To do exactly like in option 1 except to target ONLY local investors: Nigerian wealthy individuals, wealthy ex-politicians, ex-military or any paramilitary personnel; or any Nigerian that has money to invest or stashed outside the country or even somewhere hidden in the country.  The Government to give ONE YEAR AMNESTY for any such individual to bring out the money and invest on a single-digit return, on the government guaranteed fund anytime within the one-year period, no question asked. Government can then use the money to support local manufacturing industries and infrastructure development in the country, similar to what was done in Malaysia following end of military rule.

Option 3:

While I do not subscribe to money financing of budget deficit through printing of high-powered money also called seignior-age, I often wonder, what if I had a farmland with lots of gold deposit and a legal license to mine the gold. I have all the right machineries, the tools, the technical know-how and the personnel but because I belong to a global gold-mining organization, I can only mine only a stipulated quota determined by the organization. The reason being that instead of driving prices up by mining so much, which would discourage patronage and encourage investment in alternative metals, it would be best to adopt a strategy that works to stabilize prices.
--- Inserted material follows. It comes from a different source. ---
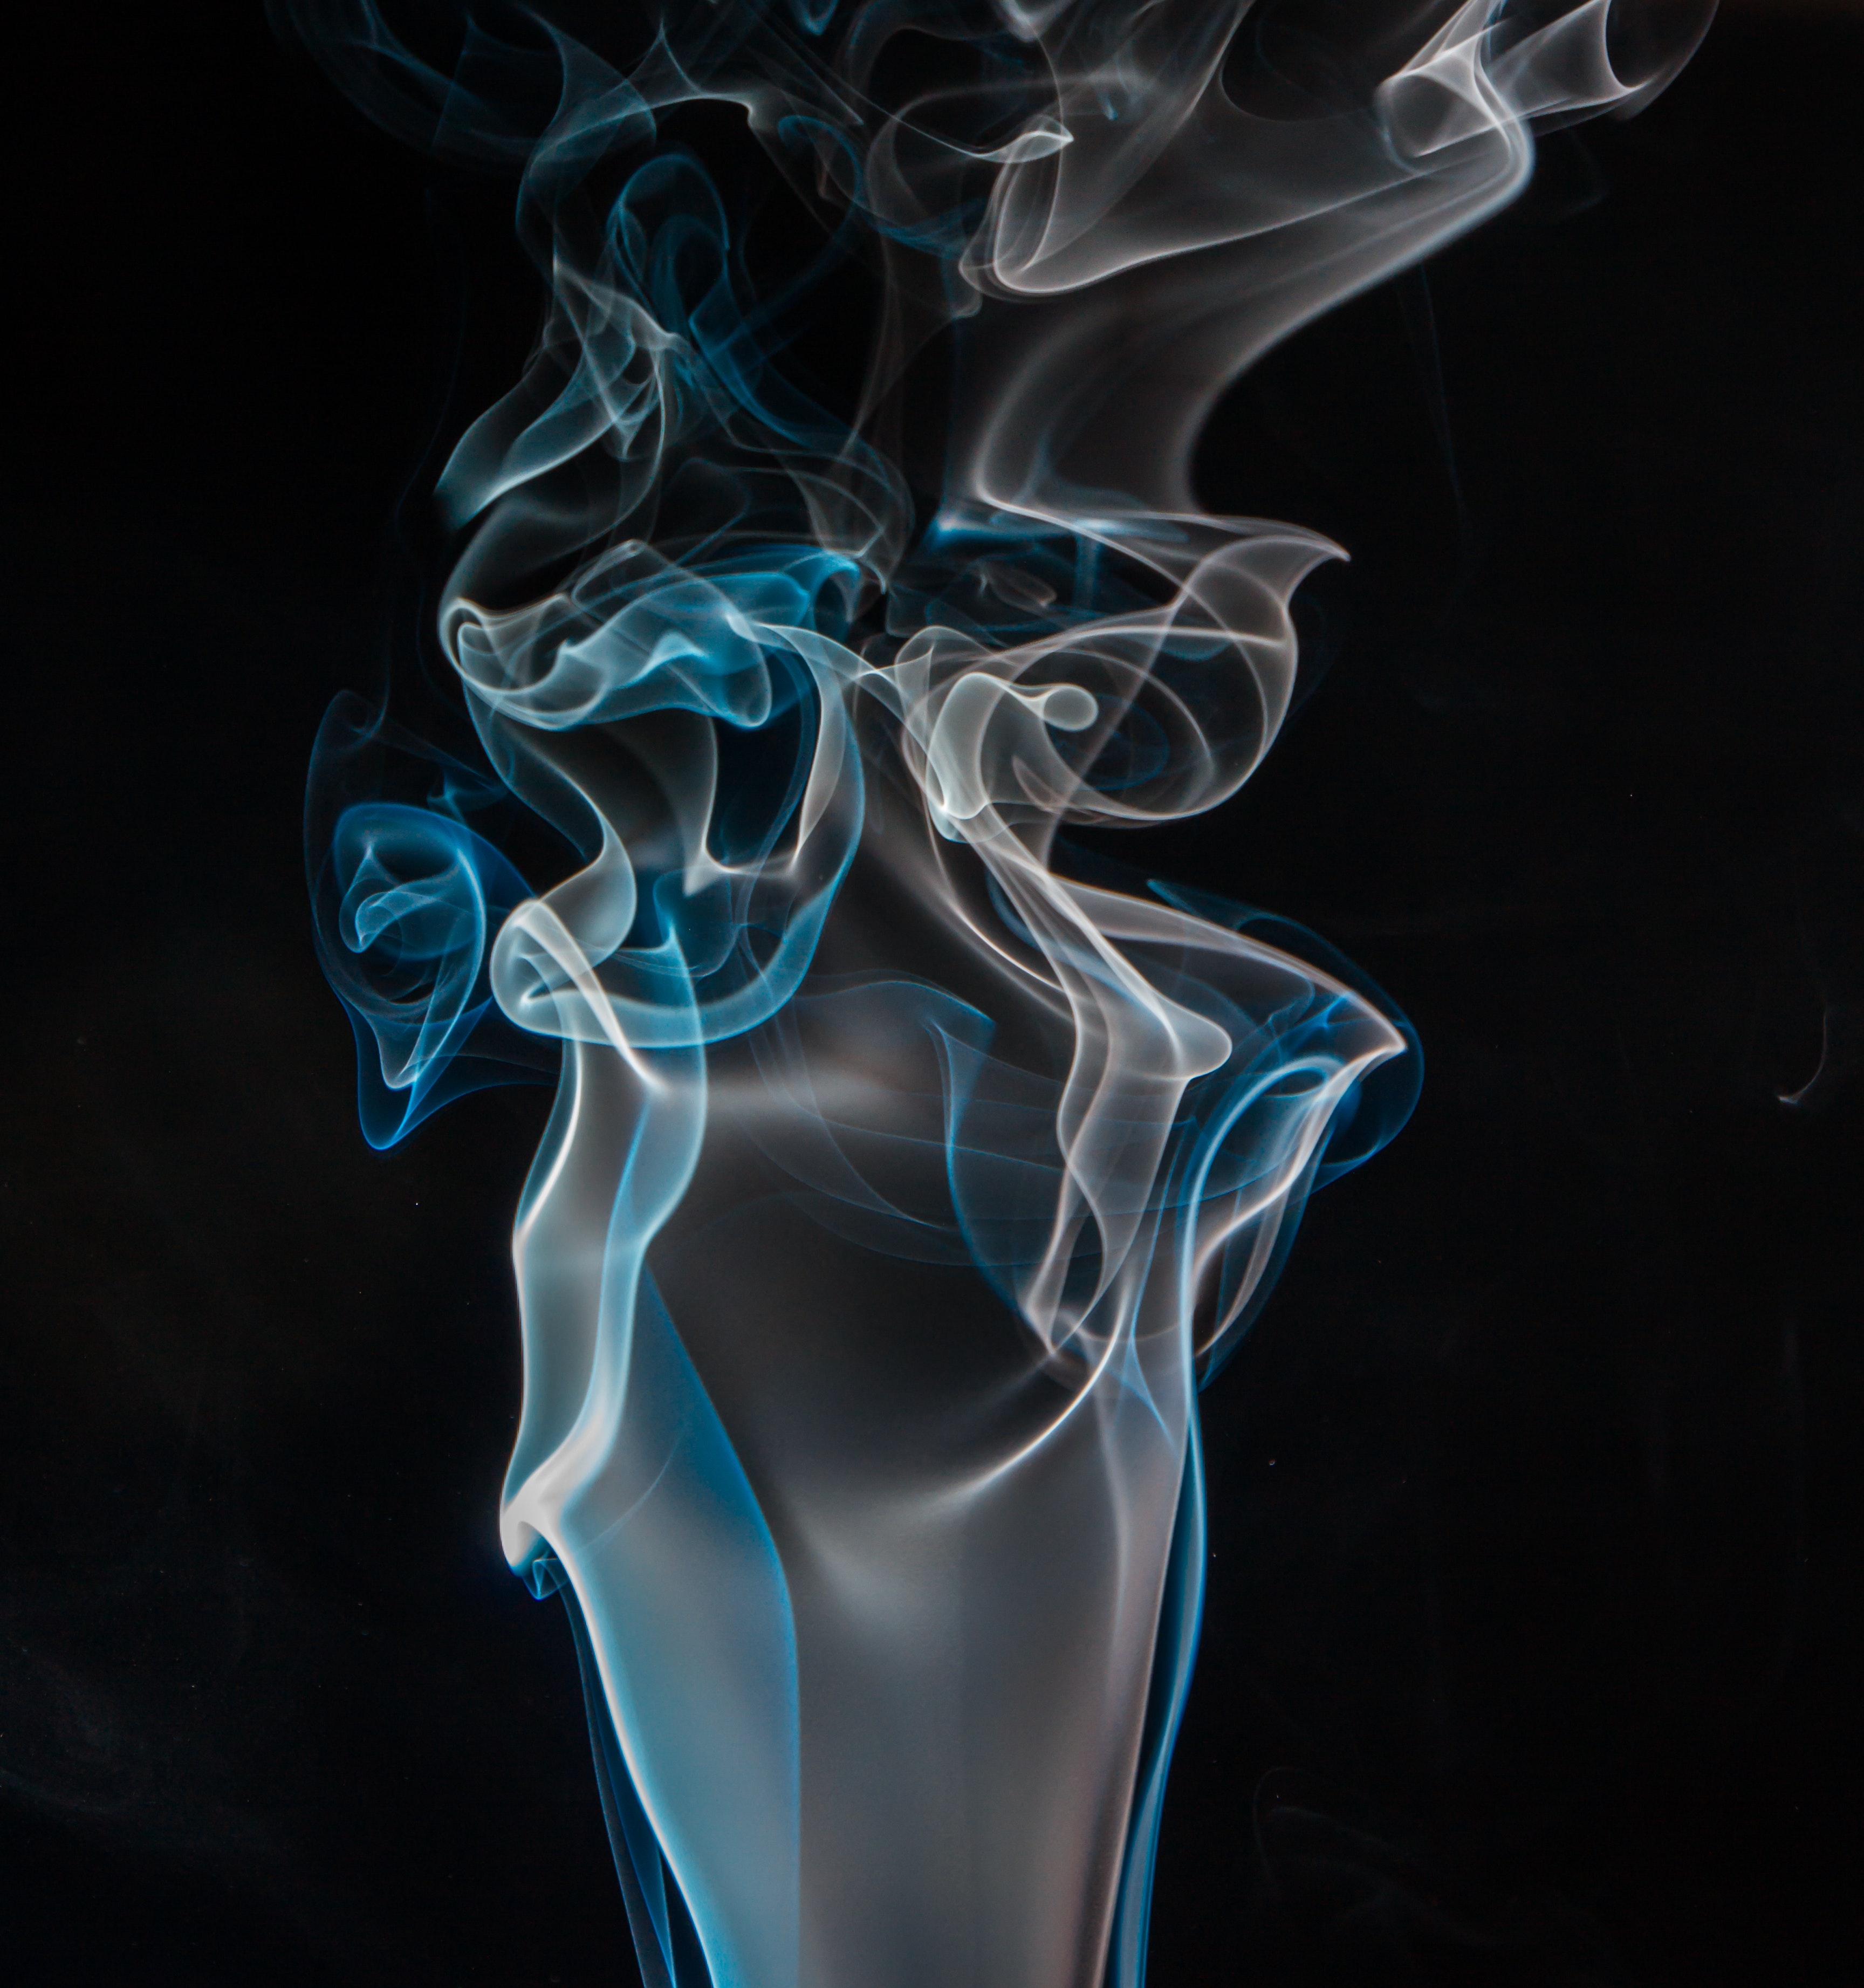 abstract, smoke, colored smoke, coloured smoke, shroud, clots, coils

This would guarantee a regular supply of gold to consumers, but also provide 100 years of a steady stream of income to me. Ironically, if I continue to abide by this quota, I won’t be able to finance my immediate needs in my farmland, like maintaining and running the gold processing plant plus, already the price is far from being stable and already investment in alternative metals has soared, so therefore I am not sure if in the next 100 years I will still have some value for my un-mined gold. More intriguing is the fact that, I kept having unsolicited visits at night bunkering my gold, so technically my quota is being exceeded but not by me. At the end, instead of making profit I am losing as I have to subsidize to be able to have the gold I need for my local use.
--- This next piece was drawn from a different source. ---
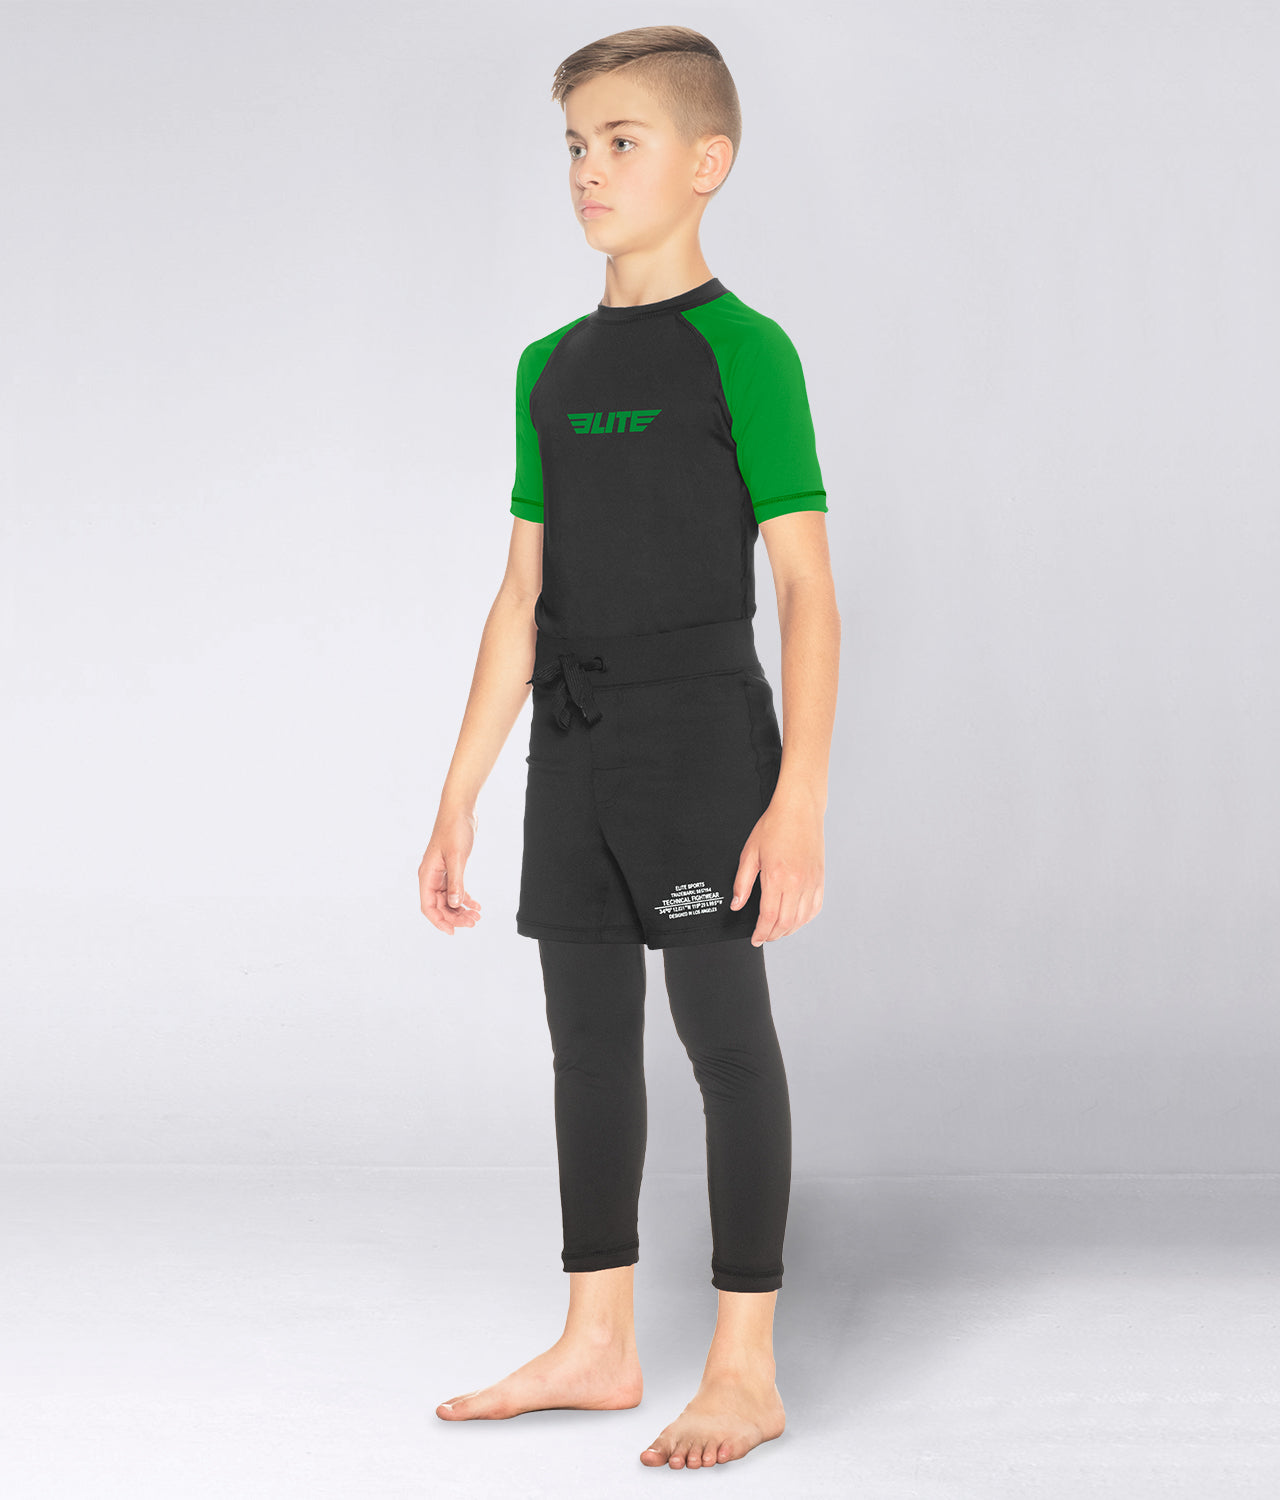 Elite Sports Kids' Standard Green Short Sleeve Training Rash Guard

My question is what about if I get my act right, stop those unsolicited bunkerers, mine more gold than my quota, build the required industries that I need thereby eliminating subsidy and use the extra fund for more towards a more multi-sector economy and infrastructure. What if, in looking within, we are able to think outside the box, be creative and innovative with $50bn on infrastructural expansion, gaving local manufacturers $30bn to expand production (monitor that the dollars do not go back to the Bureau de Change) so they could supply any foreign investor who come to Nigeria with components and then spent a further $20bn on education, roads, healthcare and security, without having to borrow one cent.